**ACTION ITEM**.
For the data below, restate word for word only the lines from the line containing "Screenshot of 灵梦的激急击鸡祭" through the line containing "Kambodscha: Königlicher Standard", both ends included.

**EXTRACTED MATERIAL**.
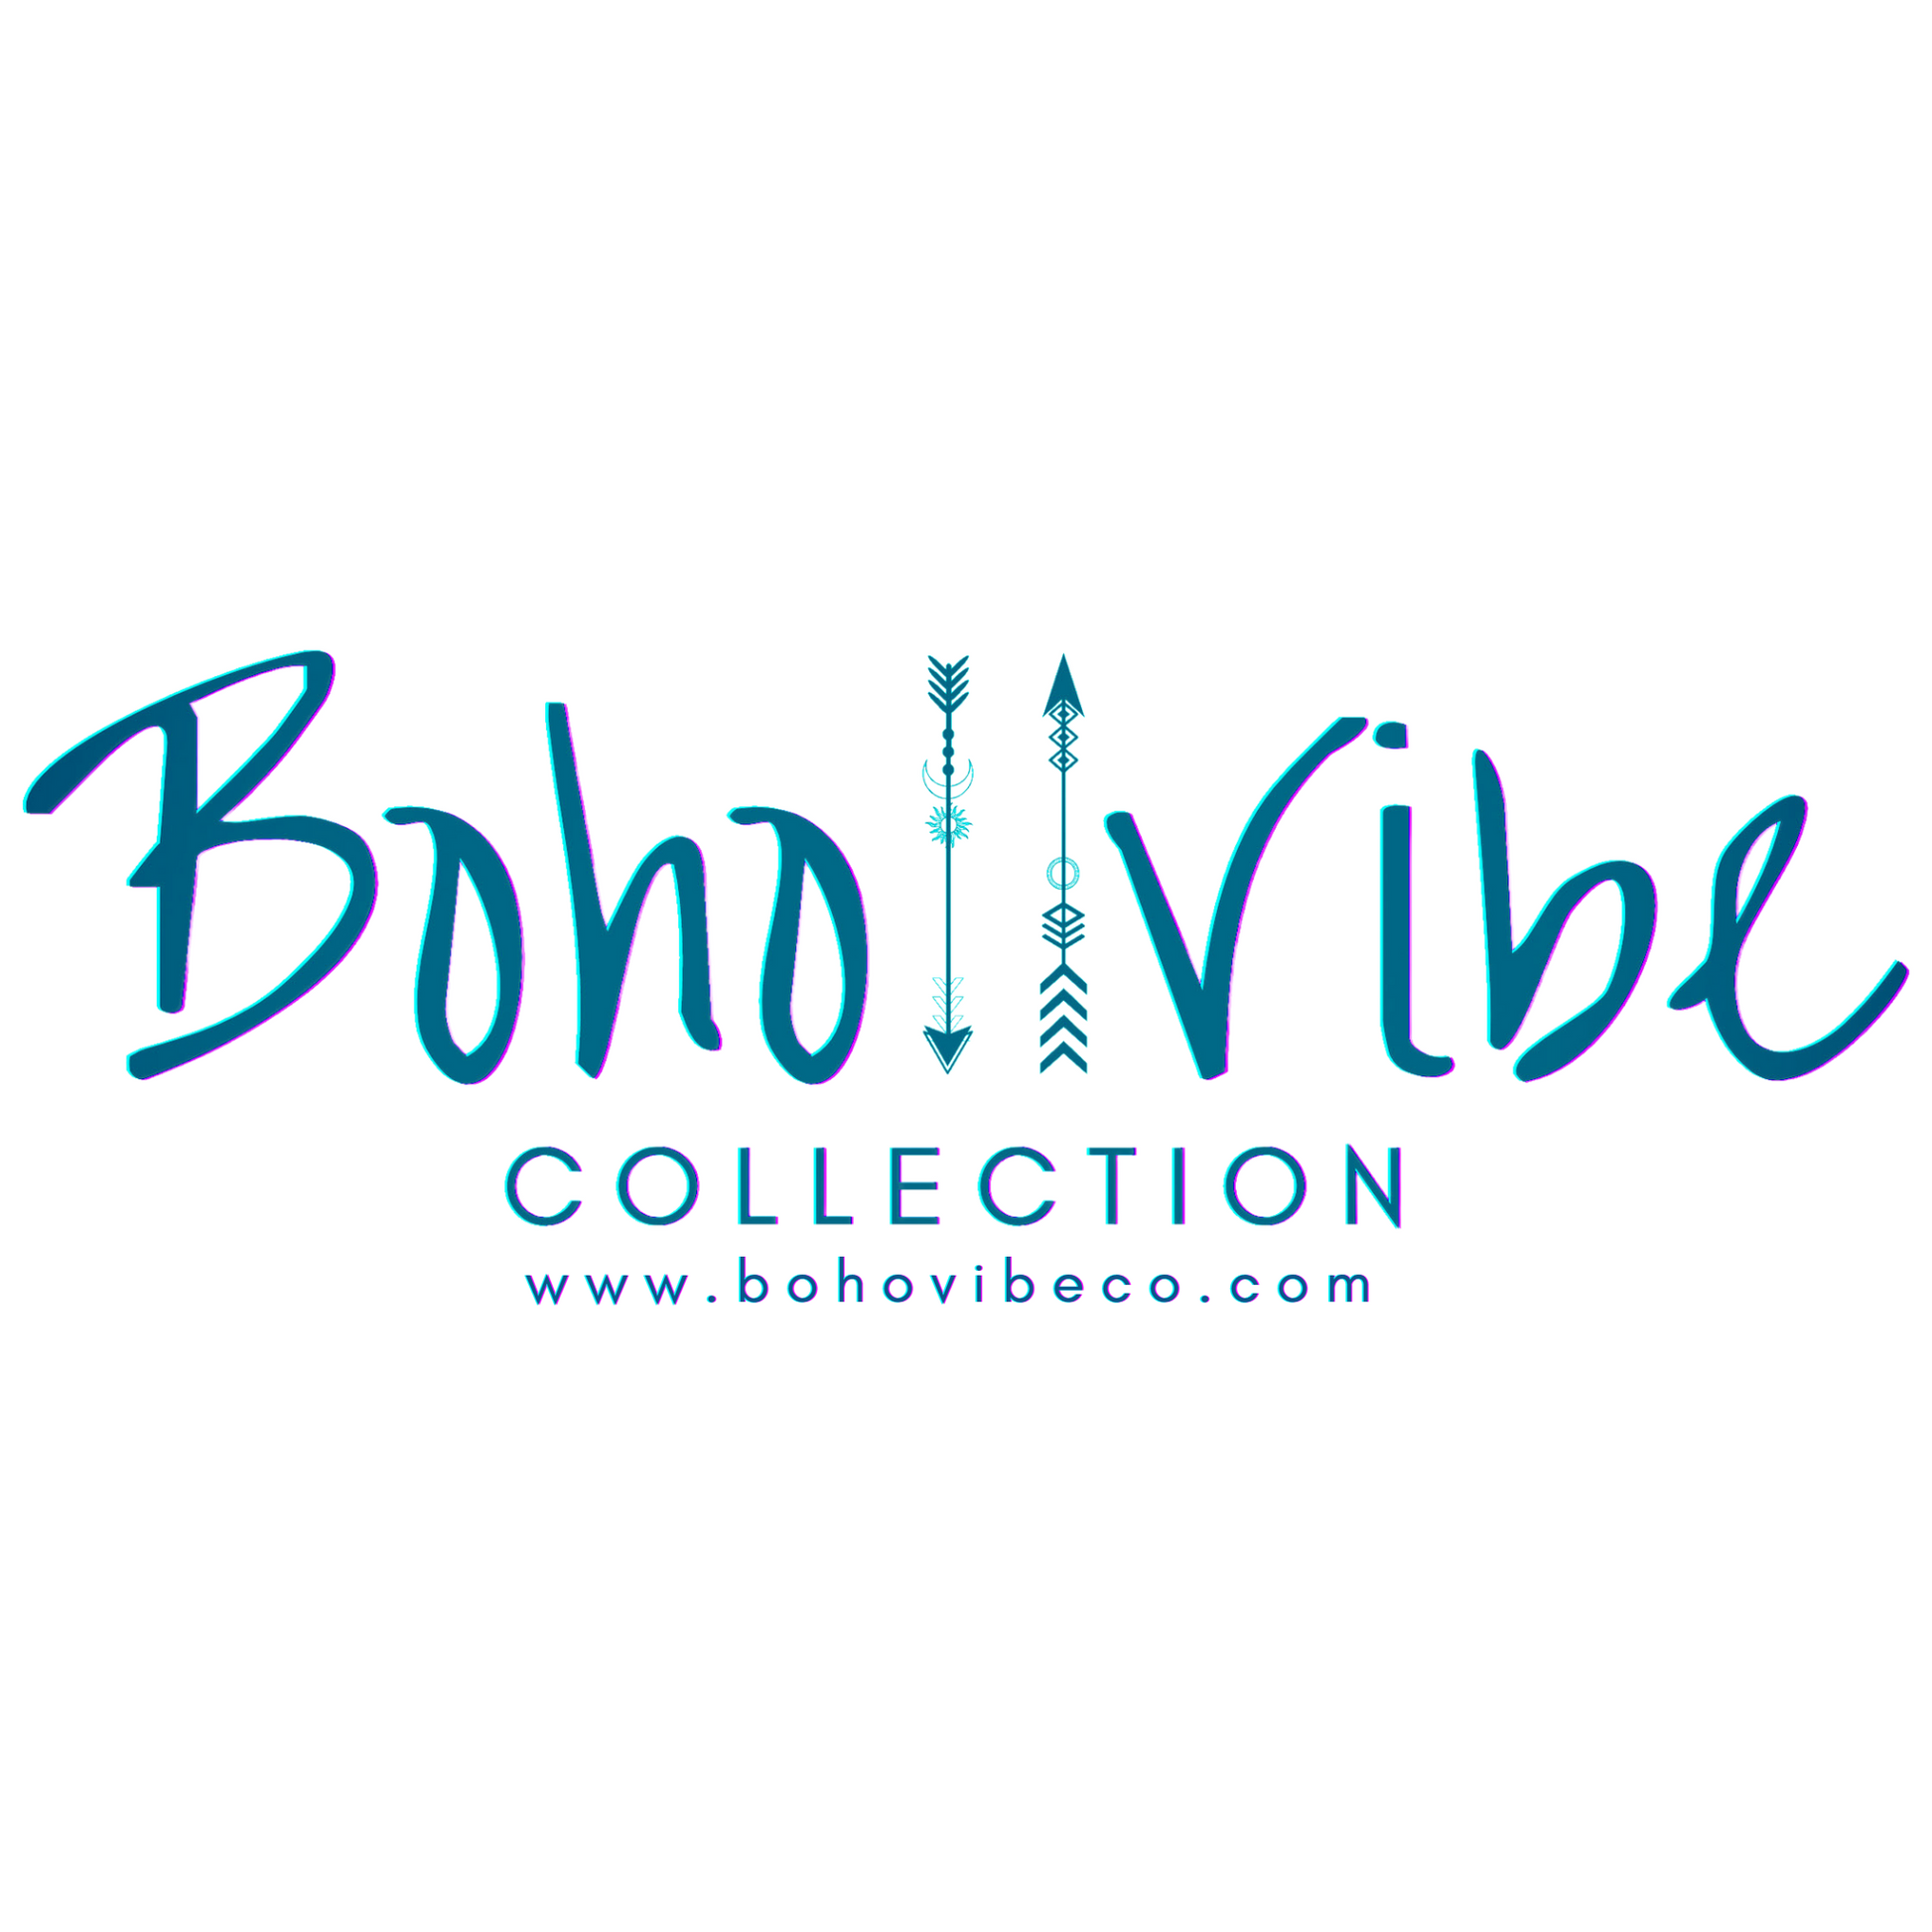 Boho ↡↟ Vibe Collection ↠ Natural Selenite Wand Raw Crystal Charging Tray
...
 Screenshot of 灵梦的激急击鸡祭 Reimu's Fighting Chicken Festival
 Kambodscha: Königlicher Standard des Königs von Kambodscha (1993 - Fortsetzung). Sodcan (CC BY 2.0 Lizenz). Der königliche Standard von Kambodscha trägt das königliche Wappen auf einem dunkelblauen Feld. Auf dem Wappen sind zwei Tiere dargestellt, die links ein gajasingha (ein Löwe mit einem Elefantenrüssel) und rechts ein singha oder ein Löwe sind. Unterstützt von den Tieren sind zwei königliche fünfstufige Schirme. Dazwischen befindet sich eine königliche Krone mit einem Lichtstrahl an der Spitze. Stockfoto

**TASK RESULT**.
 Screenshot of 灵梦的激急击鸡祭 Reimu's Fighting Chicken Festival
 Kambodscha: Königlicher Standard des Königs von Kambodscha (1993 - Fortsetzung). Sodcan (CC BY 2.0 Lizenz). Der königliche Standard von Kambodscha trägt das königliche Wappen auf einem dunkelblauen Feld. Auf dem Wappen sind zwei Tiere dargestellt, die links ein gajasingha (ein Löwe mit einem Elefantenrüssel) und rechts ein singha oder ein Löwe sind. Unterstützt von den Tieren sind zwei königliche fünfstufige Schirme. Dazwischen befindet sich eine königliche Krone mit einem Lichtstrahl an der Spitze. Stockfoto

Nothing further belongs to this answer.